● **Assignment**:
The data below contains pictures, which are to be skipped; the lines starting at the line with "Formulario de solicitar visa a Laos" and ending at the line with "Легкая виндовс 10" are to be output exactly, both ends included.
BEGIN Extracted entries
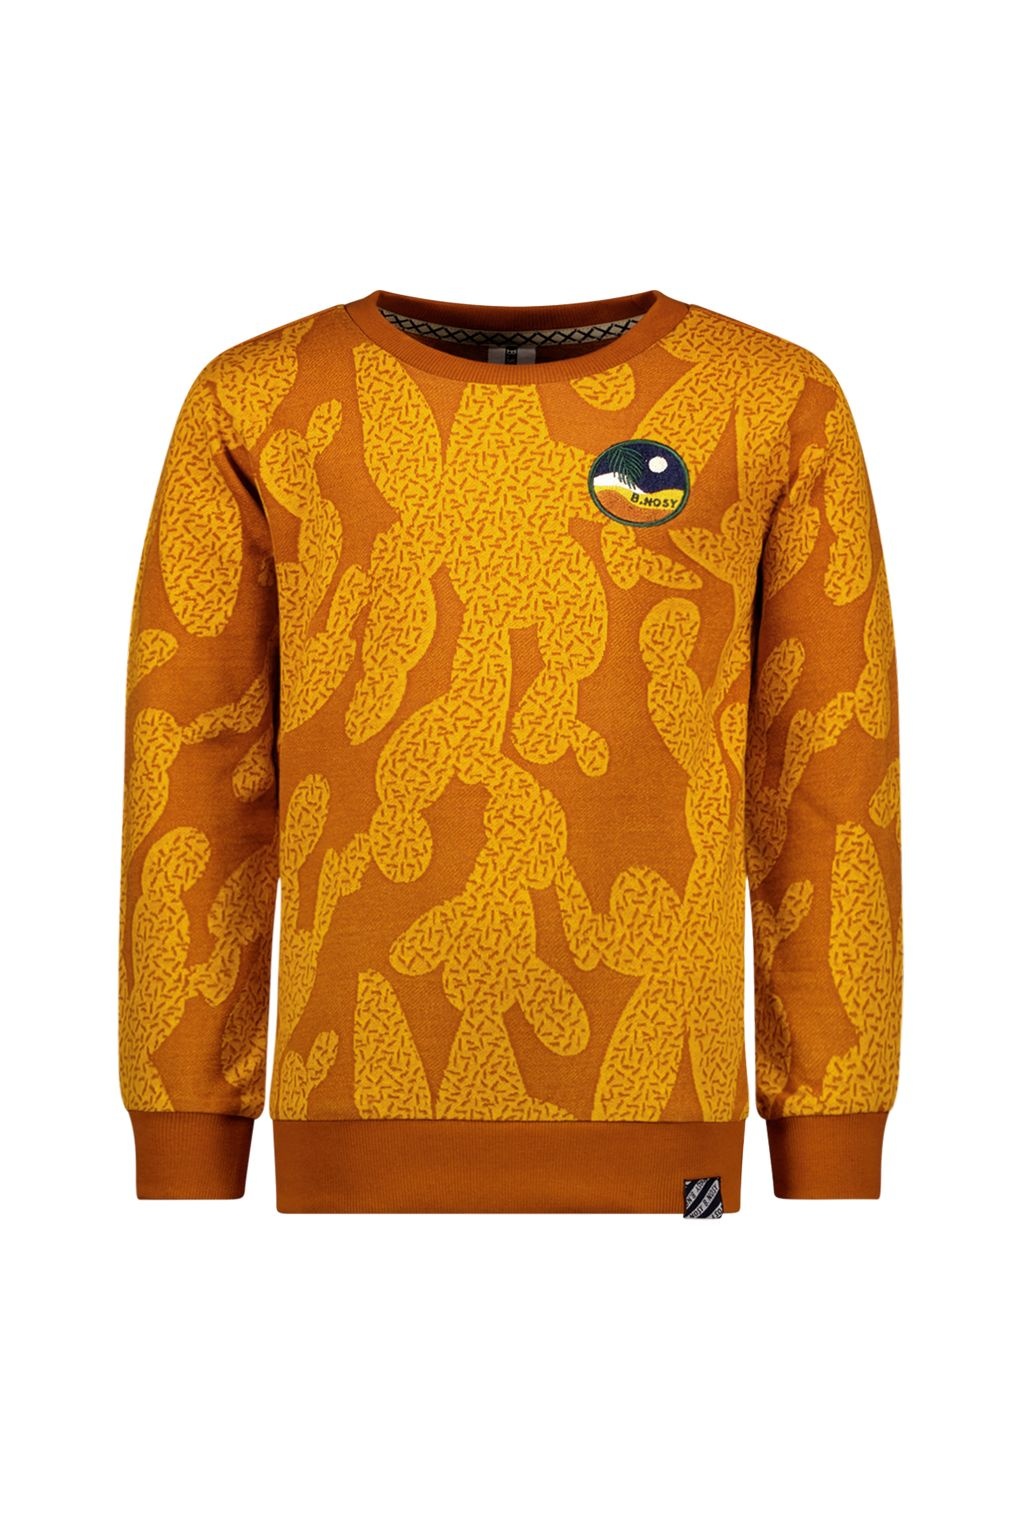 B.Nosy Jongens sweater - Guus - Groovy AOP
END Extracted entries
BEGIN Extracted entries
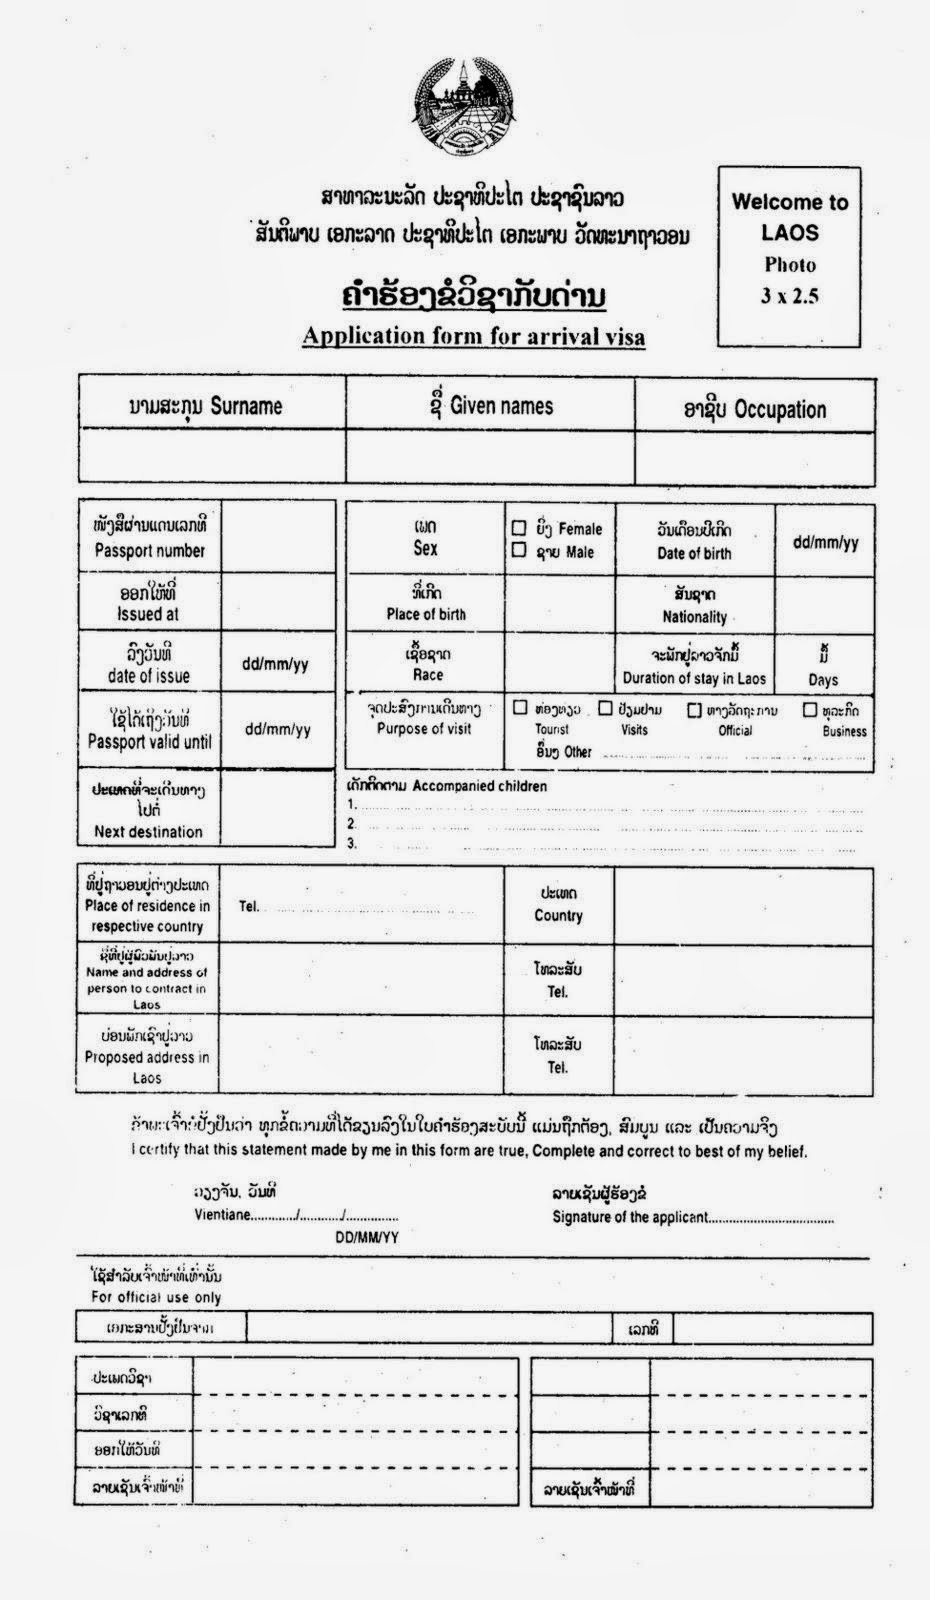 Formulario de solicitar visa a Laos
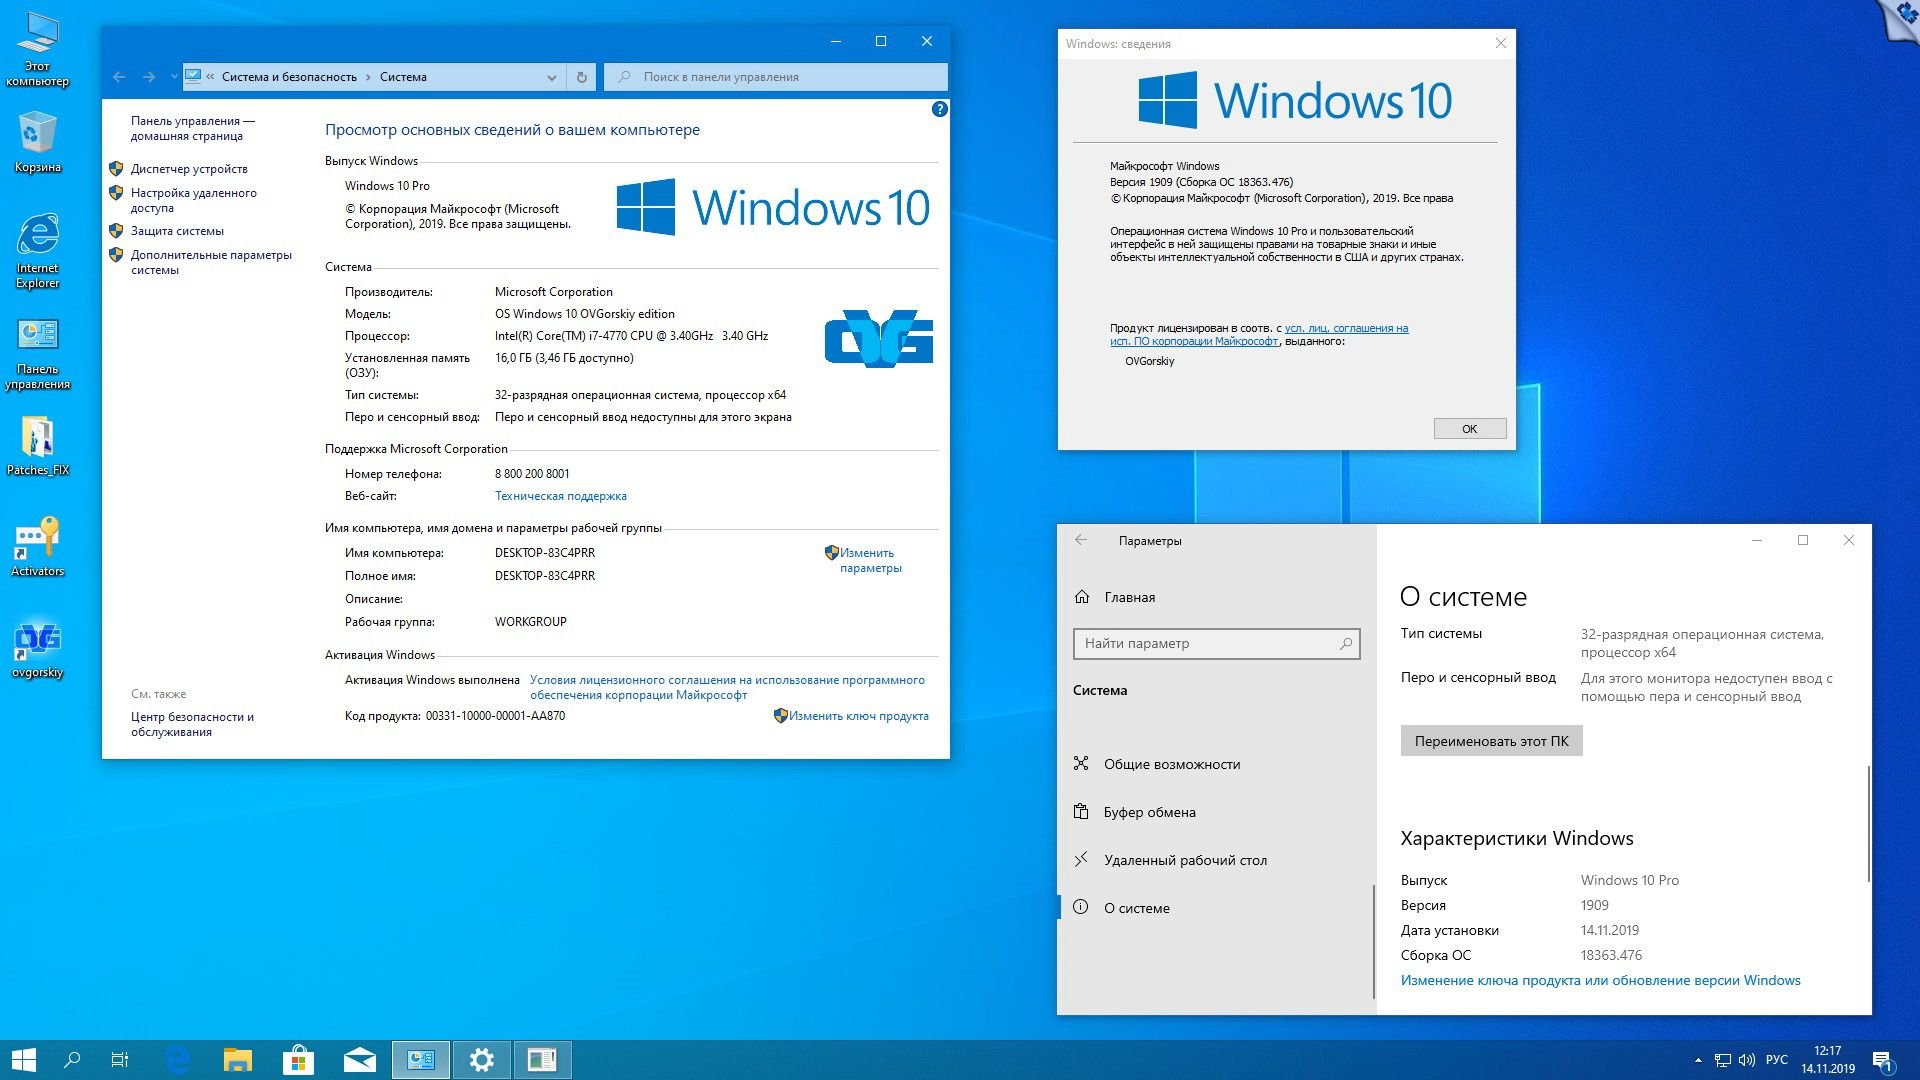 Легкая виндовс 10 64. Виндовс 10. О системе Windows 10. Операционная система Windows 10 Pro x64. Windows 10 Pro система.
END Extracted entries
● **Answer space**:
 Formulario de solicitar visa a Laos
 Легкая виндовс 10 64. Виндовс 10. О системе Windows 10. Операционная система Windows 10 Pro x64. Windows 10 Pro система.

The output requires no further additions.